Getting Our Bearings: Improving Geography in Schools

By Jack Winterburn

In September 2023, Ofsted research and analysis published their subject report on Geography in schools. 

Key findings

Since Ofsted’s previous subject report, a noticeable improvement in curriculum planning has taken place. Knowledge and skills are now better sequenced to enable students to build their learning. 

Yet in secondary schools, content was often taught as laid out in the exam specification, making it difficult for students to make connections.  

In early years, there has been a development in students’ geographic knowledge. However, in primary schools, geography is often being lost in cross-curricular ‘topic’ approaches.
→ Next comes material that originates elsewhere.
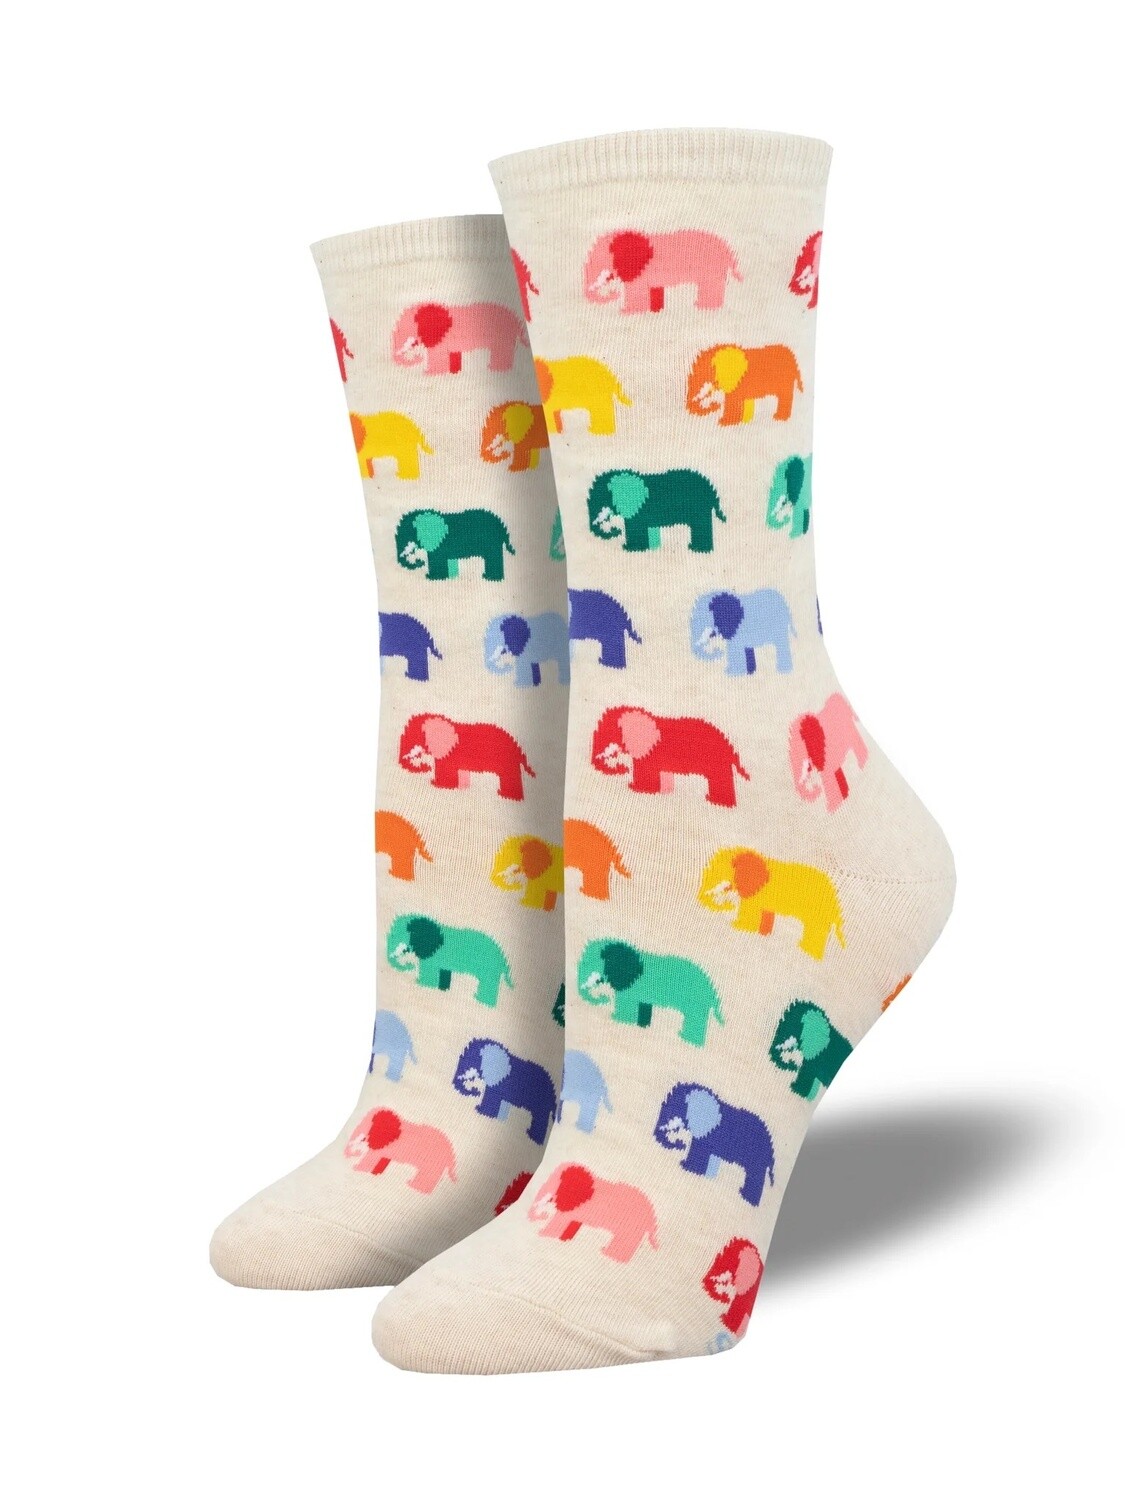 Elephant In The Room Ivory Heather Women's Socks

In secondary schools, the report noted that geography at Key Stage 3 often lacked challenge or was not subject specific.  

Furthermore, the opportunities for developing fieldwork skills are still lacking across key stages. 


Several recommendations to ensure high-quality geography education from the report can be summarised as follows:

  1. Ensure the curriculum is sequenced at all key stages enabling the effective transition into new content
  2. Consider the prior knowledge needed to access more complex ideas/concepts
  3. Consider how pupils will build knowledge over a series of topics and apply concepts to different scenarios
  4. Identify misconceptions and plan strategies to overcome them
  5. Teach fieldwork skills – collecting, presenting, analysing, and evaluating data

What can we learn from this?

As practitioners, we often overlook the importance of sequencing content and how building knowledge and skills is vital in developing our students into successful geographers. 

Without consideration of the prior knowledge needed to access complex ideas, we are setting our students up to fail by expecting them to ‘run before they can walk’. 

Taking time to reflect on what went well when teaching a topic and what felt more difficult can help us to sequence the content in a way which best supports our learners. 

It also enables us to consider the misconceptions our students face, why they have them, and pre-empt similar misconceptions in the future. 

We must also learn to take more risks. To some, the thought of leading fieldwork feels daunting. But a well-planned fieldwork session can allow students to gain invaluable experience that cannot be replicated in the classroom. As a geography network, we have discussed the importance of fieldwork and strategies to embed this in primary schools. 

This report highlights that the teaching of geography is making progress in the right direction. As a trust, to further improve we must reflect on the learning experiences our students have and what we can do to make their learning journey more interconnected.